Sending the invoice to the respective individual:

Only the owner of a business doesn’t need to pay the bill; the person you are dealing with in this regard may be a worker. So, you should copy that person on the invoice that you will send without any exception. It is much better to share the invoice with the person processing it and with the one who approves it. So, sharing invoices with the respective individual will ensure the overall transparency of the process.

Adding Overdue fees:

When you add the overdue charges to your payments, it will automatically discourage many clients from paying you behind schedule. When they have to pay the penalty for this deed, they will ensure payments within the scheduled due date. It will show them your seriousness towards your business.

Chasing Overdue invoices punctually:

To ensure the clarity of your claim, you should keep on following up the Overdue invoices regularly. You can send them reminders by mailing or making their phone calls. Everyone knows that it is not a likable task to make this kind of phone call, but they are necessary to get paid quickly. Clients will notice you being active in dealings, and it will remind them to be responsible in fair dealings.

As you know, this kind of phone call is not like routine calls, so you have to be conscious. Here are some tips to make the debt phone calls:

  • Calling frequently
  • Calling early in the day
  • Behaving professionally
  • Remaining polity

Agreeing with the clear payment terms:

First of all, you should make all your terms of payment elaborated in front of your client. This agreement will avoid a lot of disturbances that might arise without this clearance. You can do written work in this regard or a direct contract.

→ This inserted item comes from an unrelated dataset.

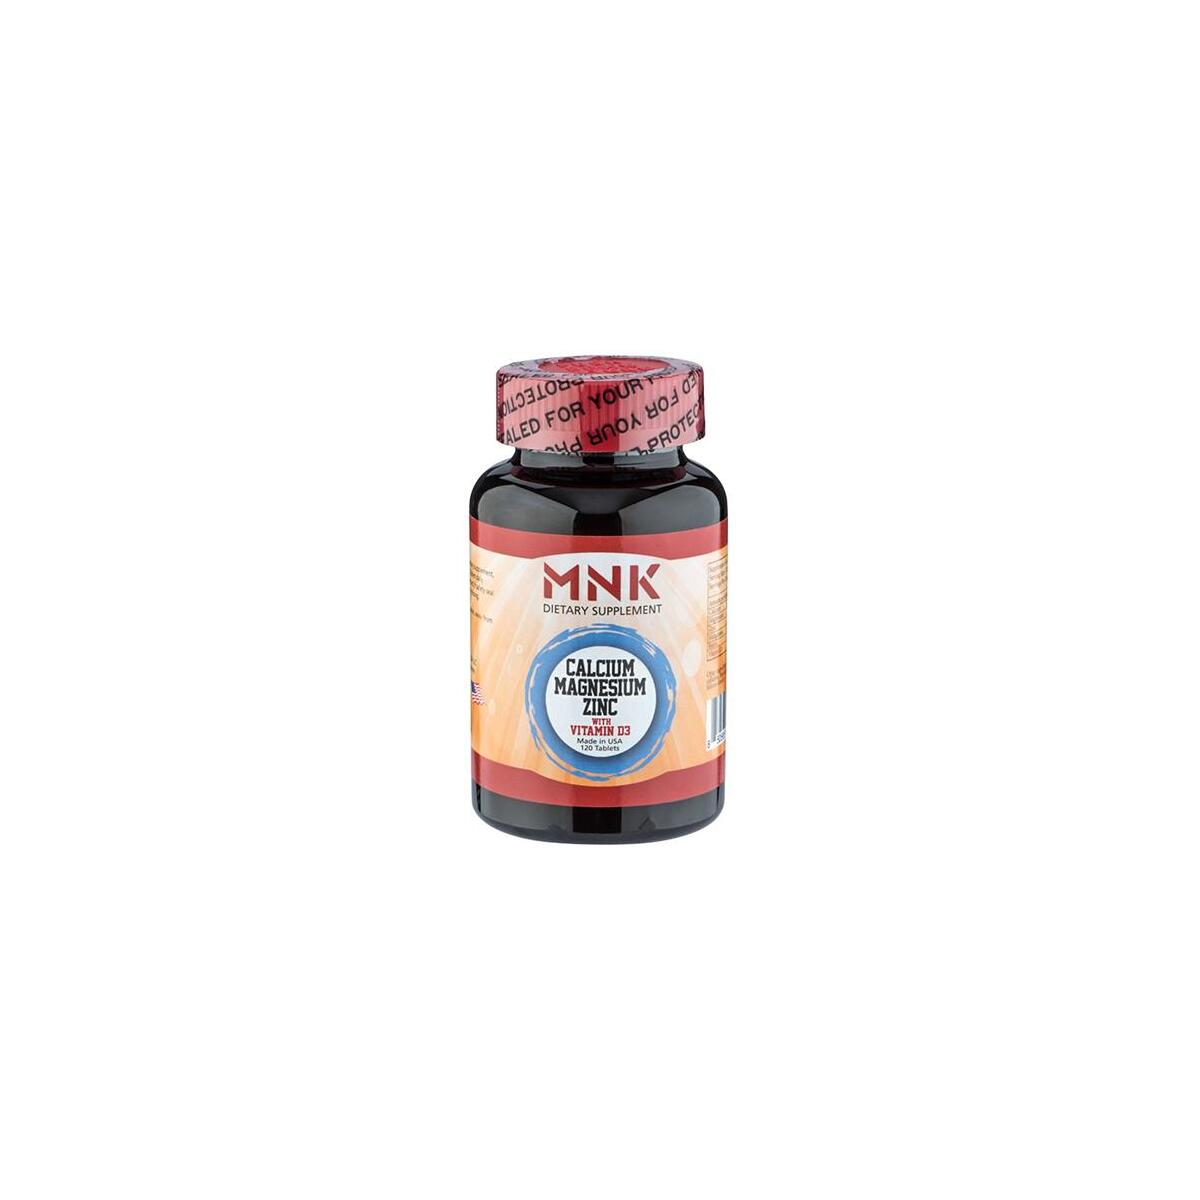 Mnk Calcium Magnesium Zinc Vitamin D3 120 Tablet

Making the invoices intelligible:

Questions arising in the mind of clients may cause them to pay delayed. To eradicate this issue, you should make sure the accuracy and unsophistication. Your invoices must be clear to all the clients and easily understandable.

Giving incentives on early payment:

The clients like enjoying the discounts. If you offer them some discounts, it would be better than threatening them with overdue fees. Moreover, offering discounts to the clients indeed makes good sense on business grounds. You can offer them some percentage discount or any other incentive if the client pays you in advance. It will be an encouragement for good clients.

Getting invoices out soon possibly:

It would be best to focus on the invoicing method if you focus on getting the invoices out as soon as possible. If you deliver your invoices to the clients in time, you can expect timely payment by clients consequently. Moreover, you can only demand your payments in due time if you are on time as well. Being late in your responsibilities casts a negative impression on your firm.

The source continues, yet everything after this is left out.